* [Provided material]:
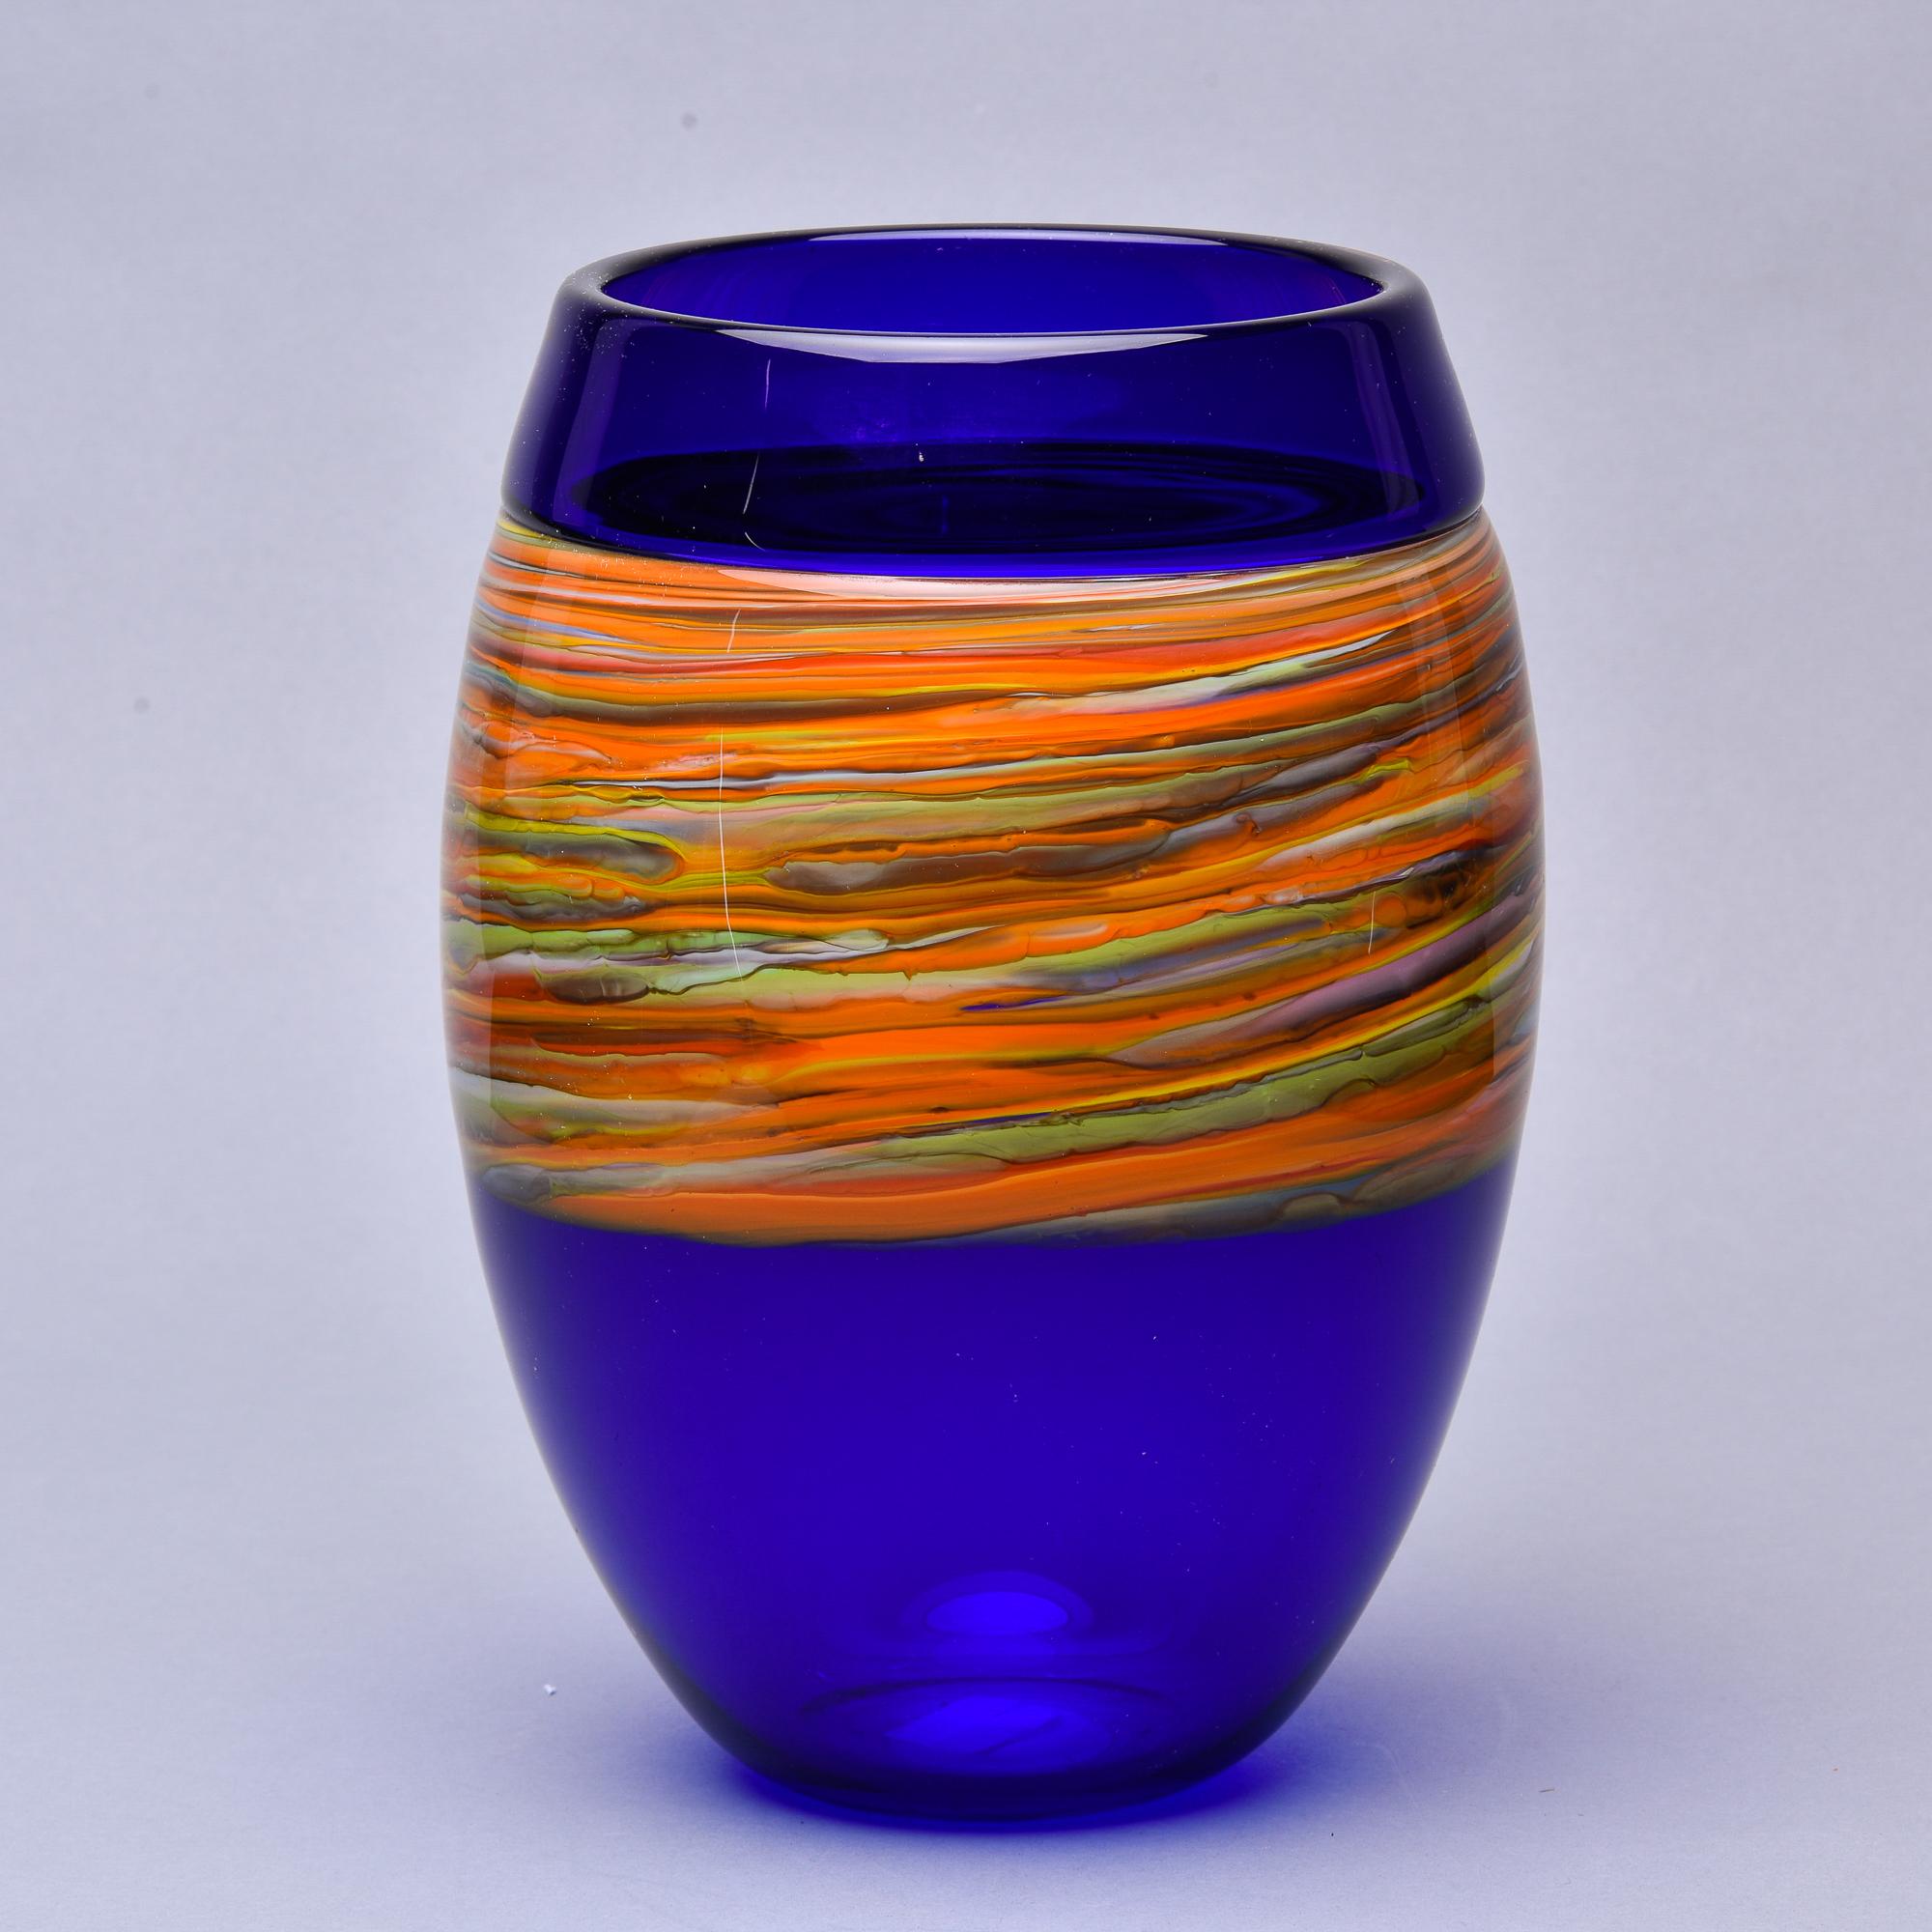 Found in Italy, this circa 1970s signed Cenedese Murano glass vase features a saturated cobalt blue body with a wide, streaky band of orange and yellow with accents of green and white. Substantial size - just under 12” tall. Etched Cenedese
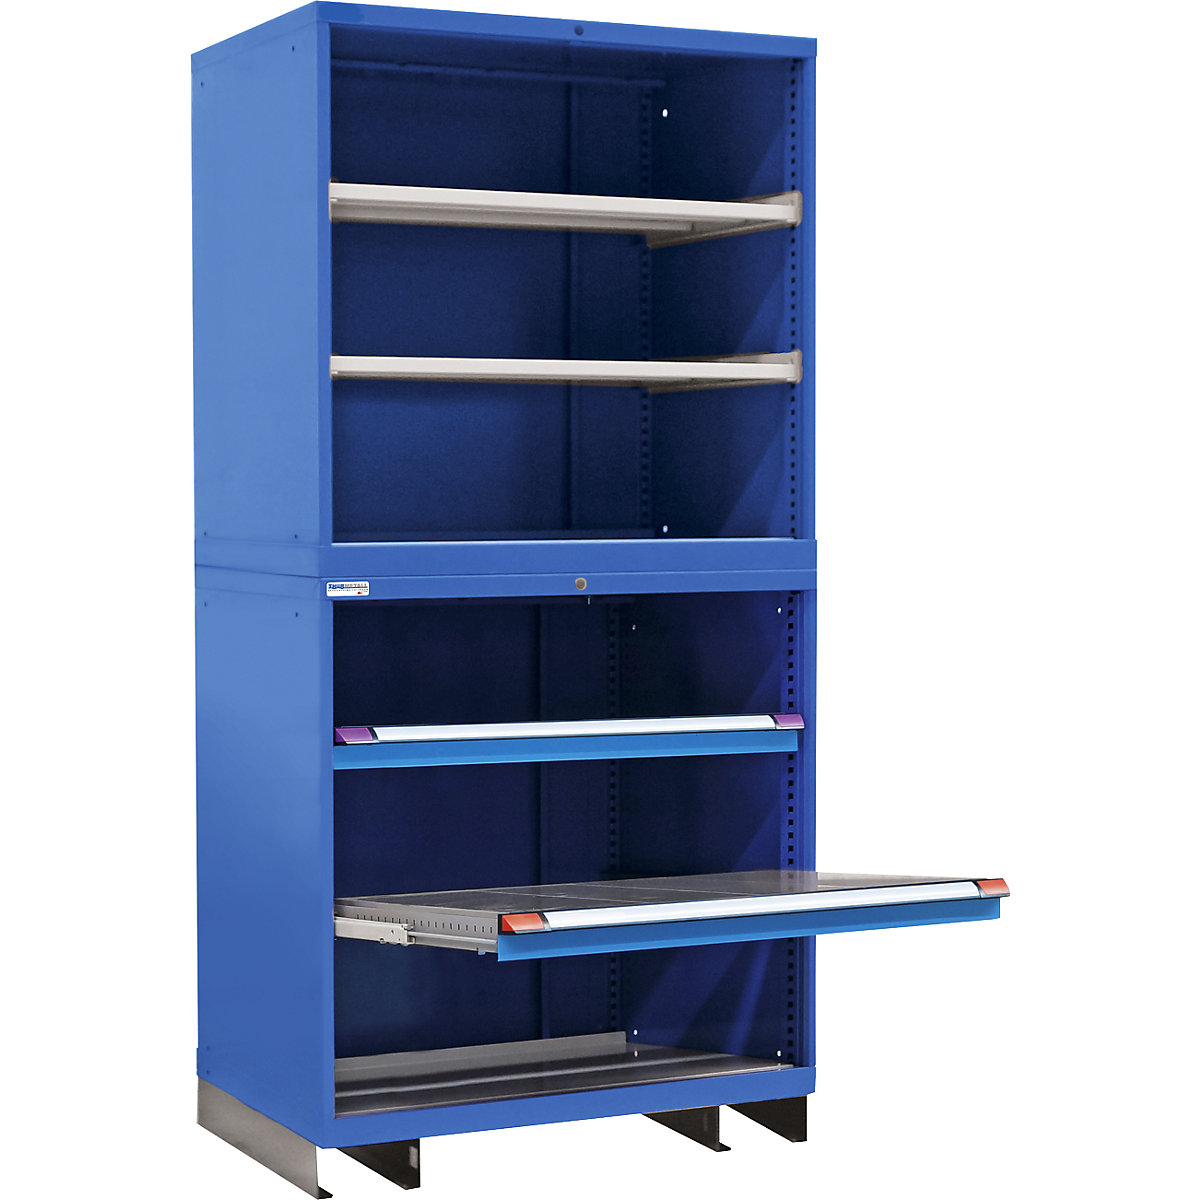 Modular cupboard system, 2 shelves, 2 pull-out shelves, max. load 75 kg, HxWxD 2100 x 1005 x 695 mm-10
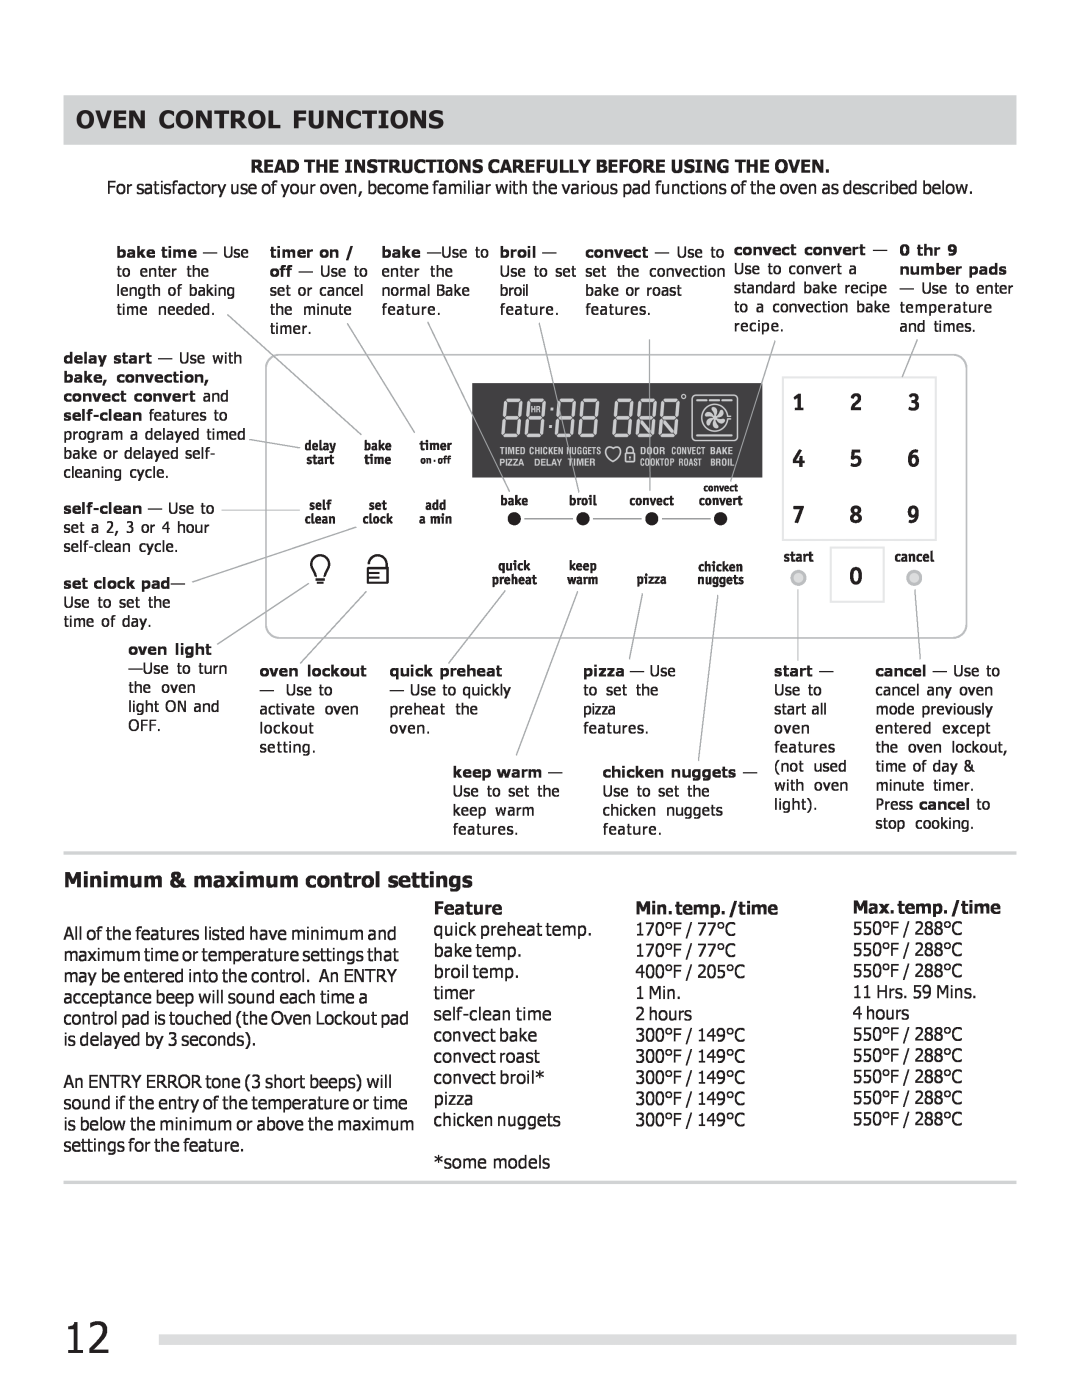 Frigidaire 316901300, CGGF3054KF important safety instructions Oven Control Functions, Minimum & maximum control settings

* [Task instructions]: Beginning with the line that holds "Modular cupboard system, 2" and ending with the last line of the material above, extract every line exactly, pictures excluded.

* [Completed exercise]:
 Modular cupboard system, 2 shelves, 2 pull-out shelves, max. load 75 kg, HxWxD 2100 x 1005 x 695 mm-10
 Frigidaire 316901300, CGGF3054KF important safety instructions Oven Control Functions, Minimum & maximum control settings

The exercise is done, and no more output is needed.